YOUR OBJECTIVE: Take from the entries below the stretch from the line with "Produktfoto zu Olivenöl mit Zitrone 250 ml" through the line with "Коврик придверный противоскользящий", and return it exactly, leaving the pictures out.

PROVIDED DATA:
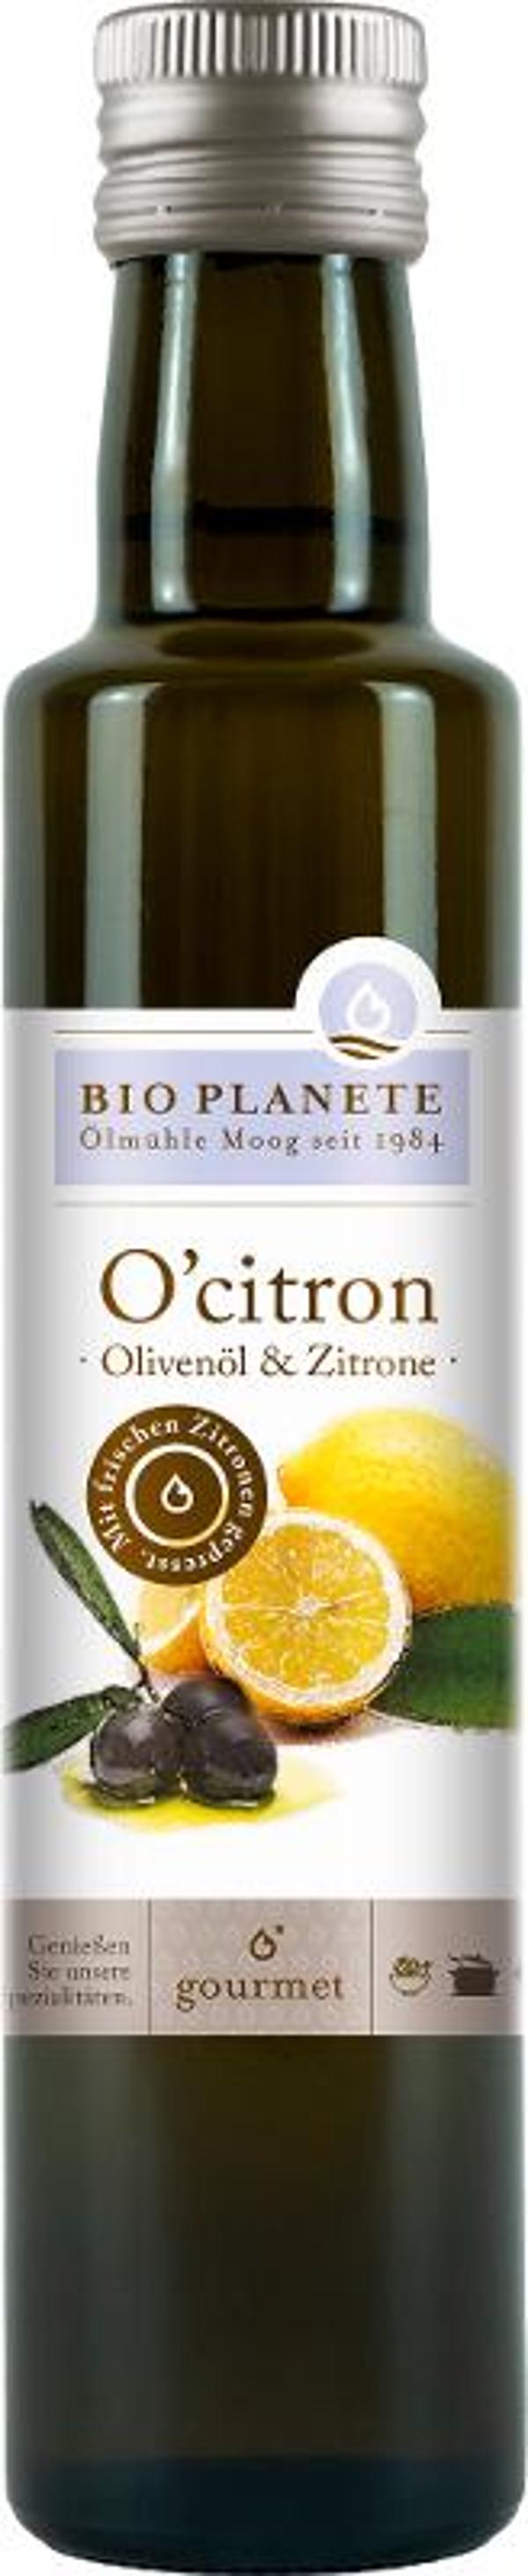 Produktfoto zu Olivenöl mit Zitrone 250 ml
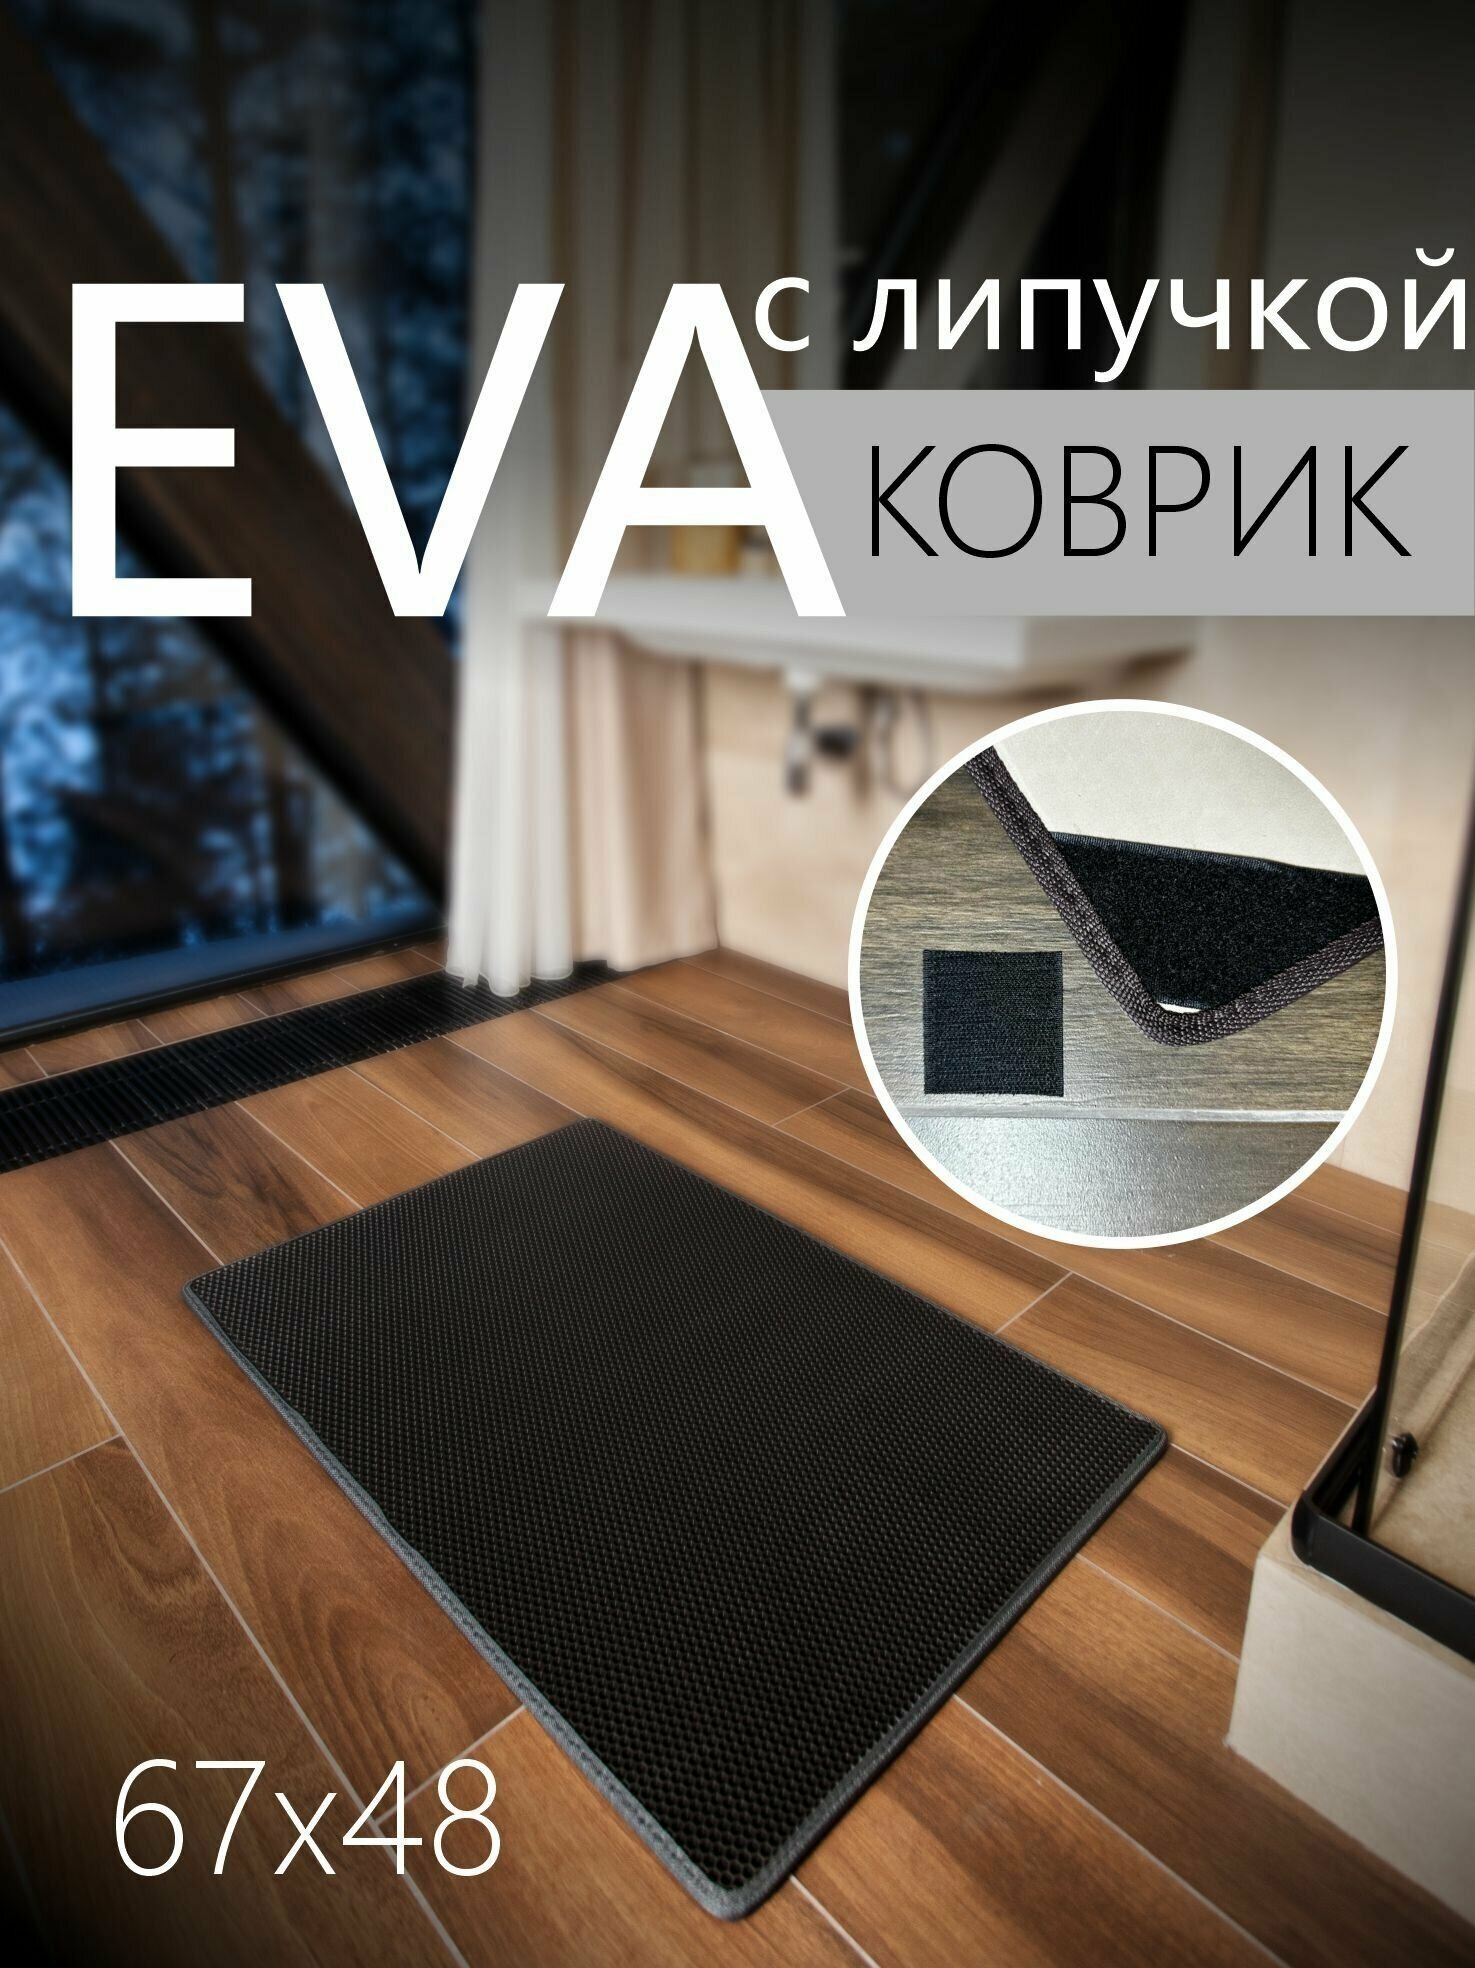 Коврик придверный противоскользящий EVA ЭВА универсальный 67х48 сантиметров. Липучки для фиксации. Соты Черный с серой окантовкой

* * *

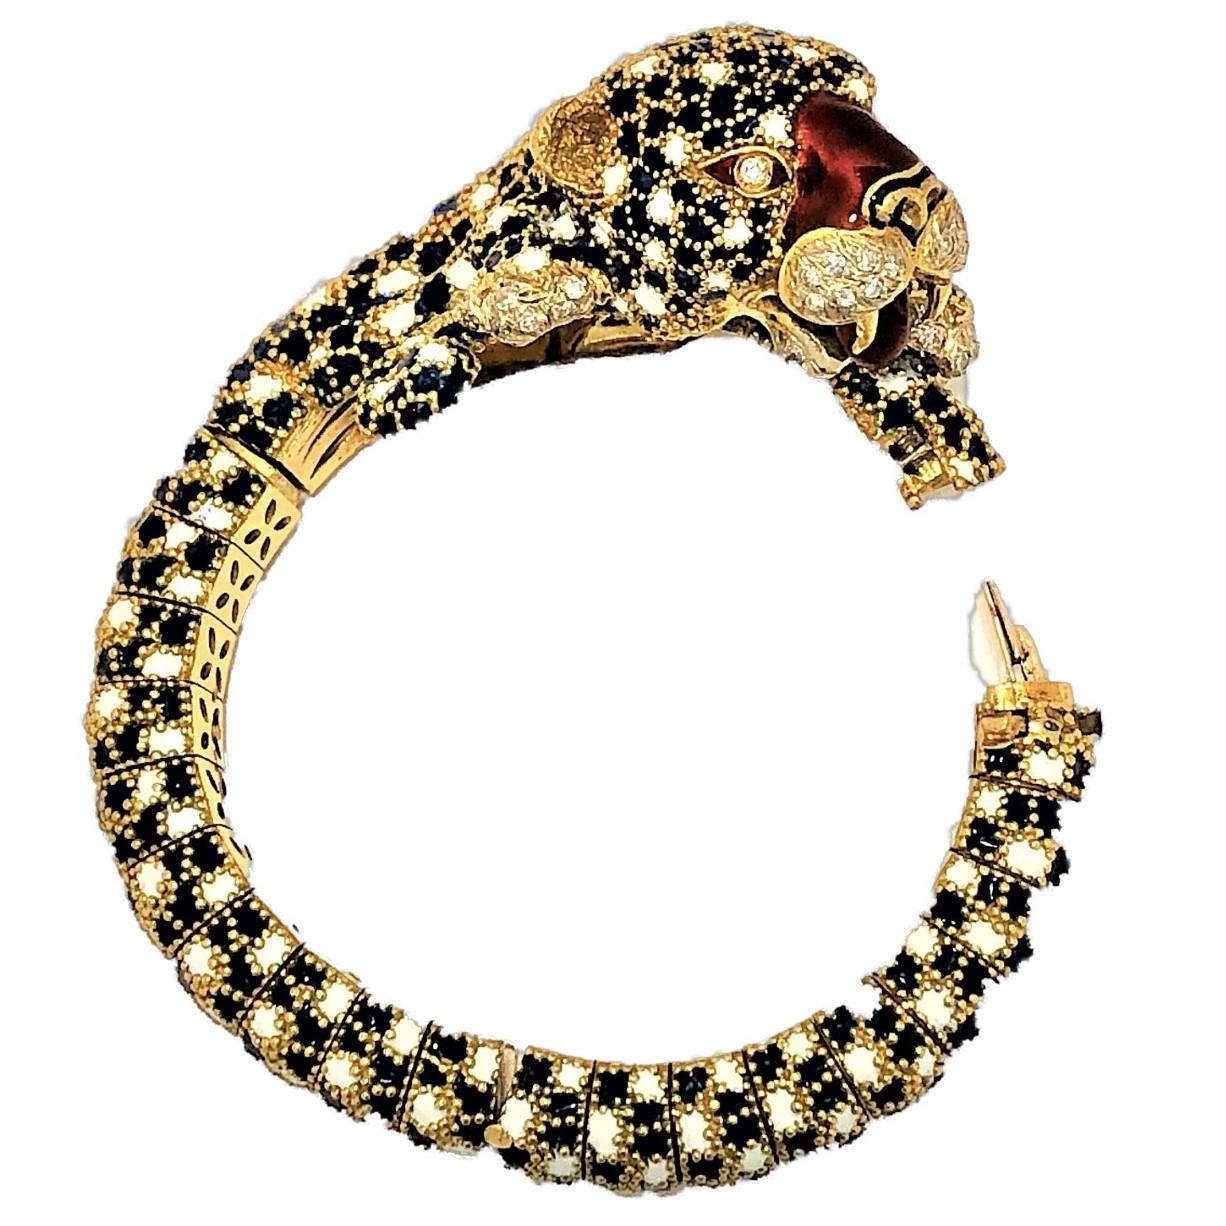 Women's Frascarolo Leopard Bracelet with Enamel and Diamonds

RESPONSE AREA:
 Produktfoto zu Olivenöl mit Zitrone 250 ml
 Коврик придверный противоскользящий EVA ЭВА универсальный 67х48 сантиметров. Липучки для фиксации. Соты Черный с серой окантовкой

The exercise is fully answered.